§ Data section
*** Begin section ***

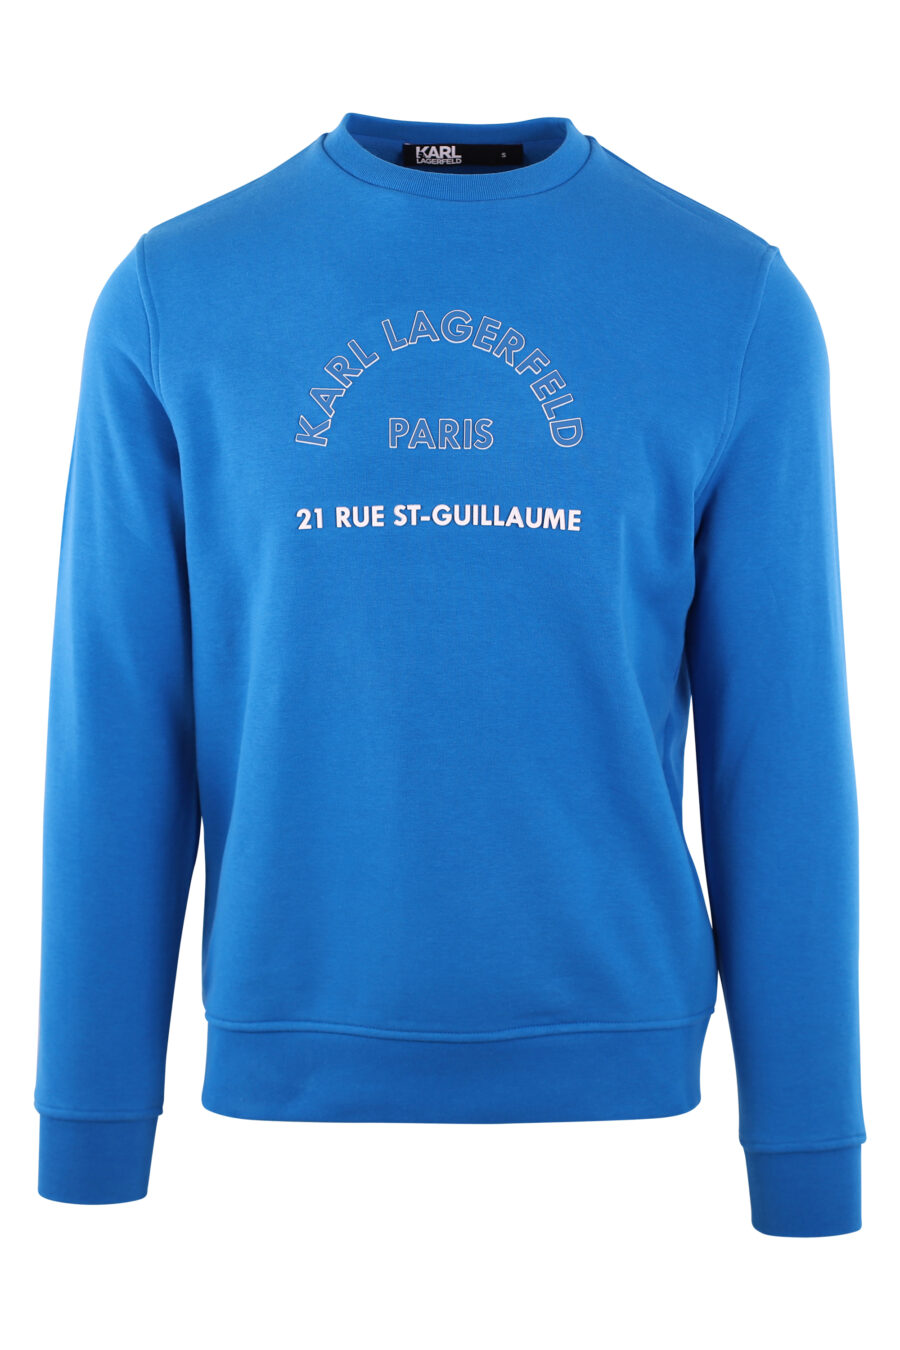 Sweat bleu avec logo "rue st-guillaume" - IMG 2840
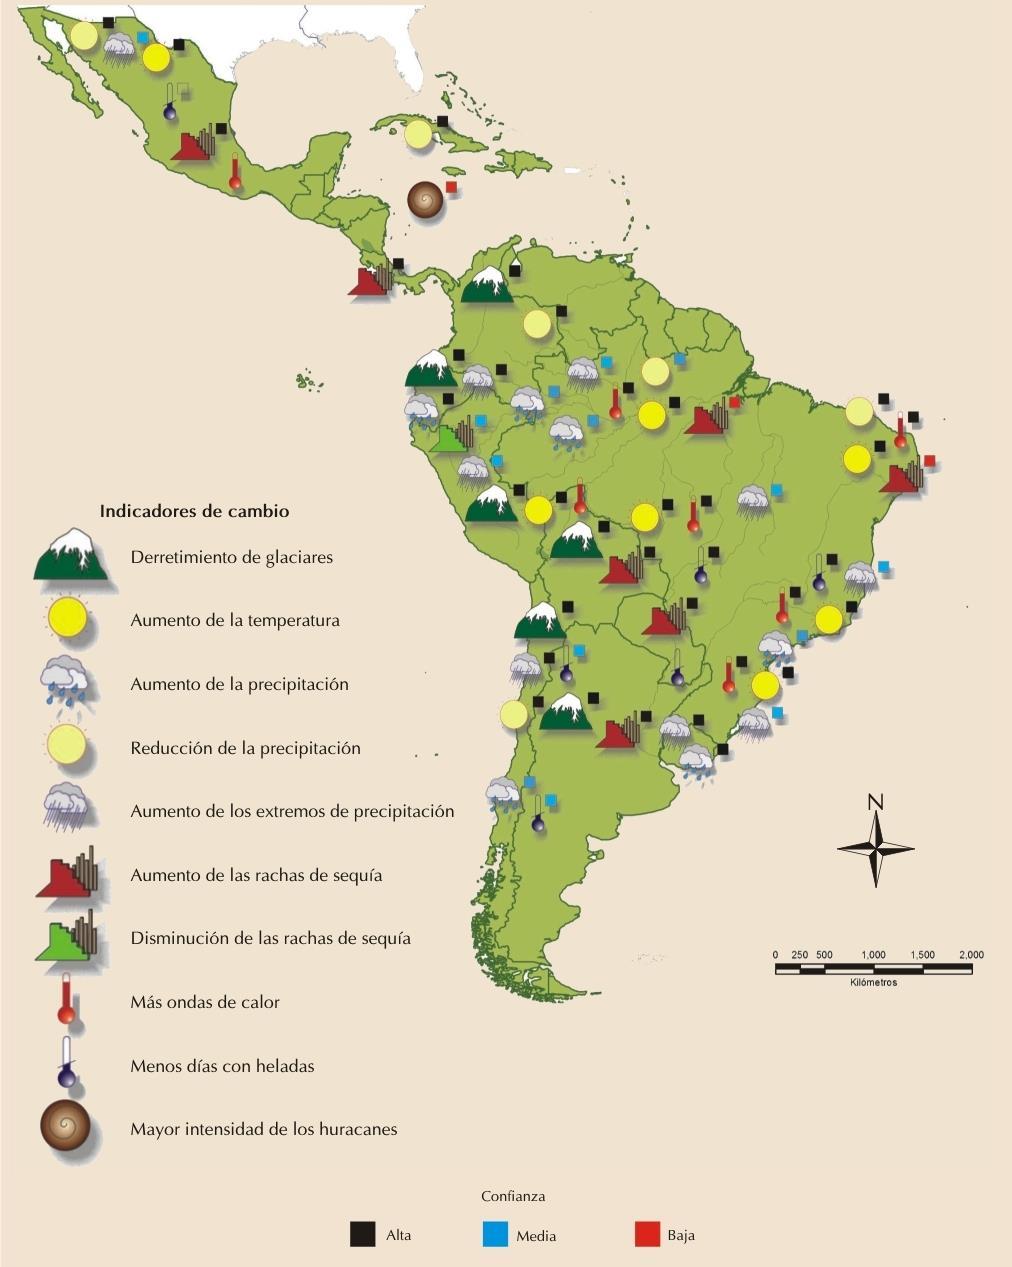 El Cambio Climático y Latino América El Cambio Climático está siendo relacionado con fenómenos que se vienen presentando a lo largo y ancho de la región: Retroceso de los glaciares en la cordillera
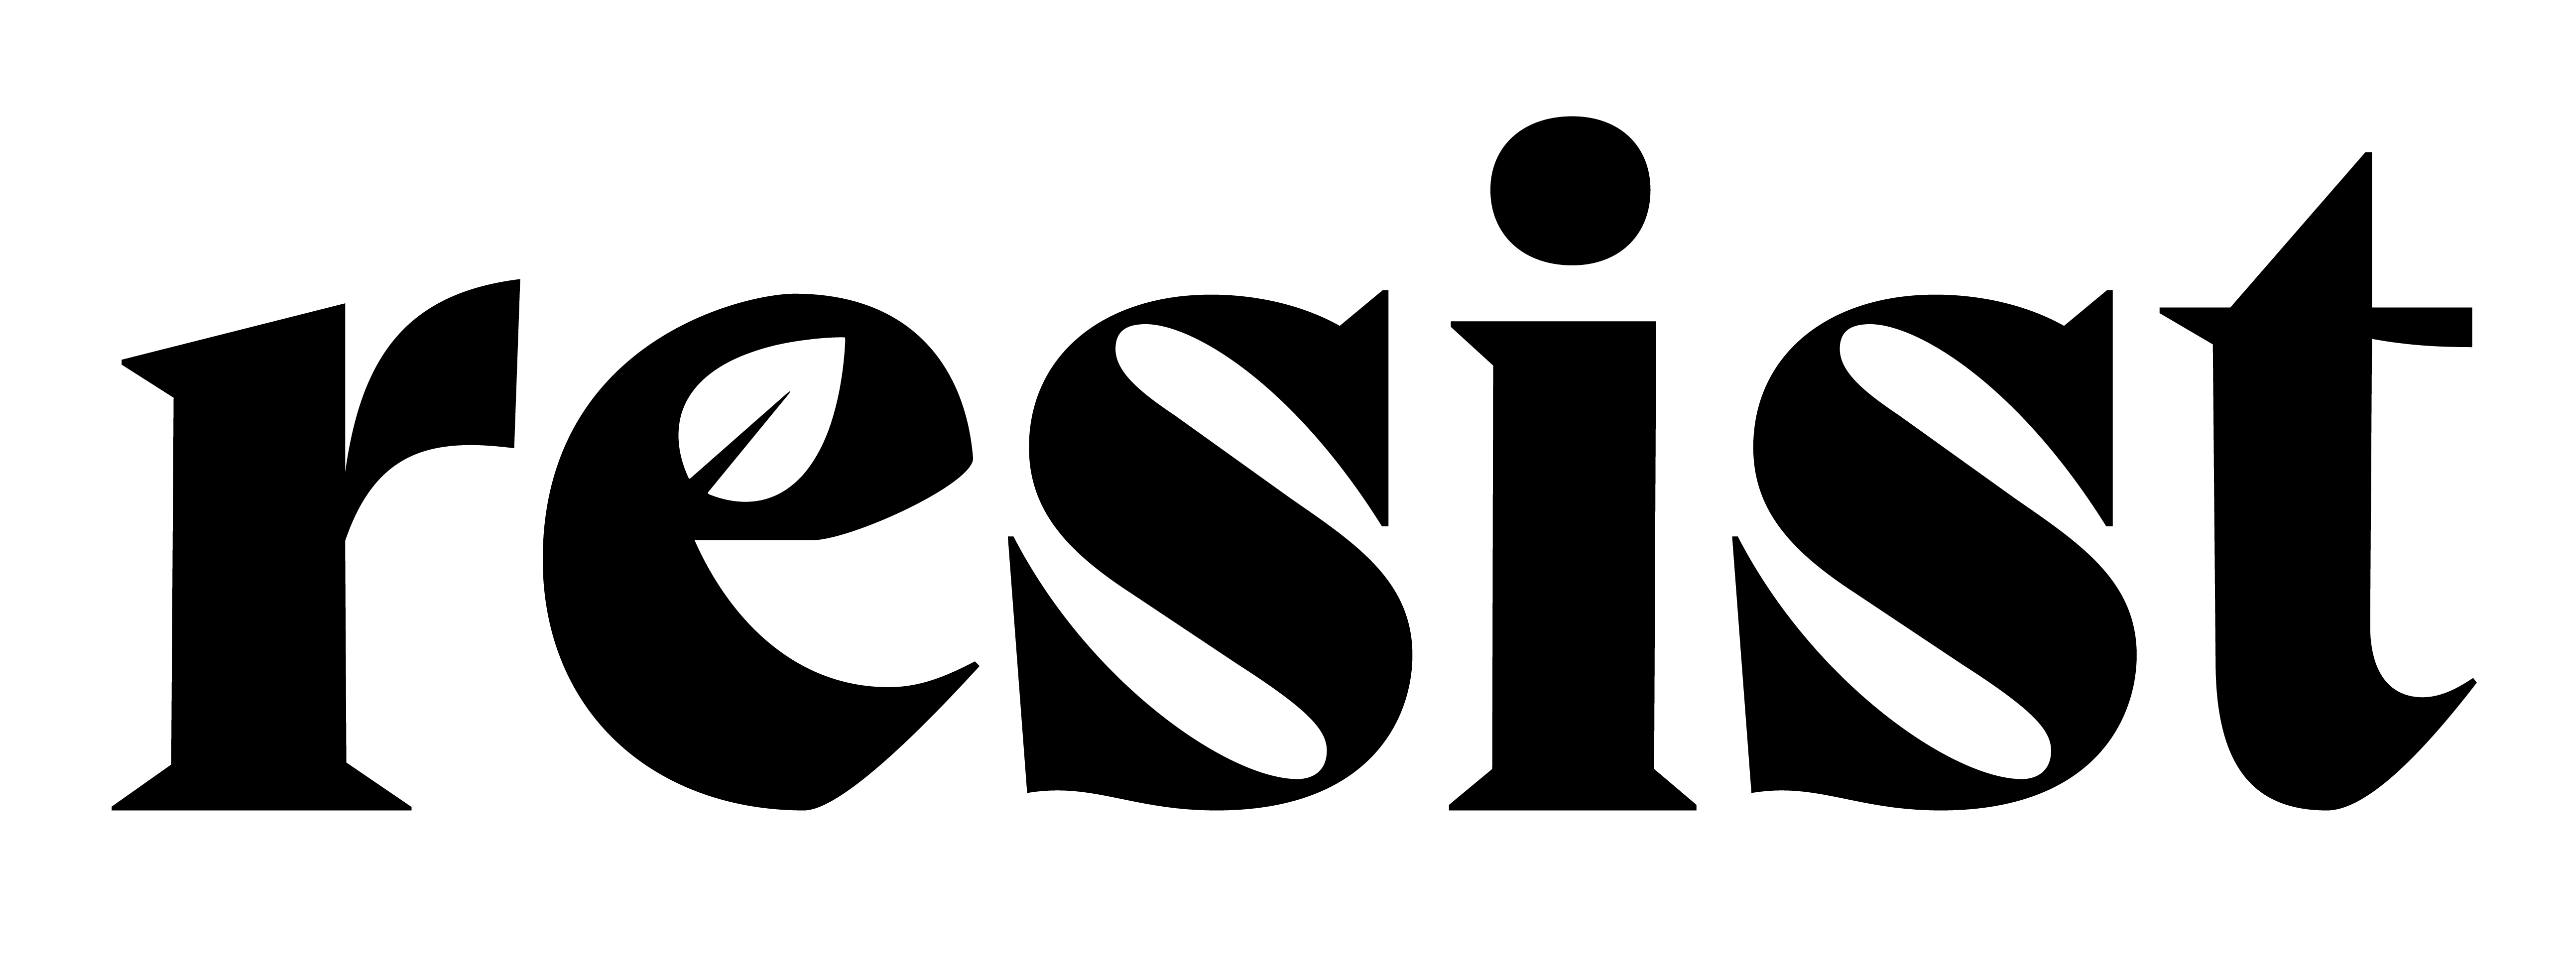 Resist Logo in Black

*** End section ***

§ Problem statement
Retype the material above exactly, images excluded.

§ Answer to this task
 Sweat bleu avec logo "rue st-guillaume" - IMG 2840
 El Cambio Climático y Latino América El Cambio Climático está siendo relacionado con fenómenos que se vienen presentando a lo largo y ancho de la región: Retroceso de los glaciares en la cordillera
 Resist Logo in Black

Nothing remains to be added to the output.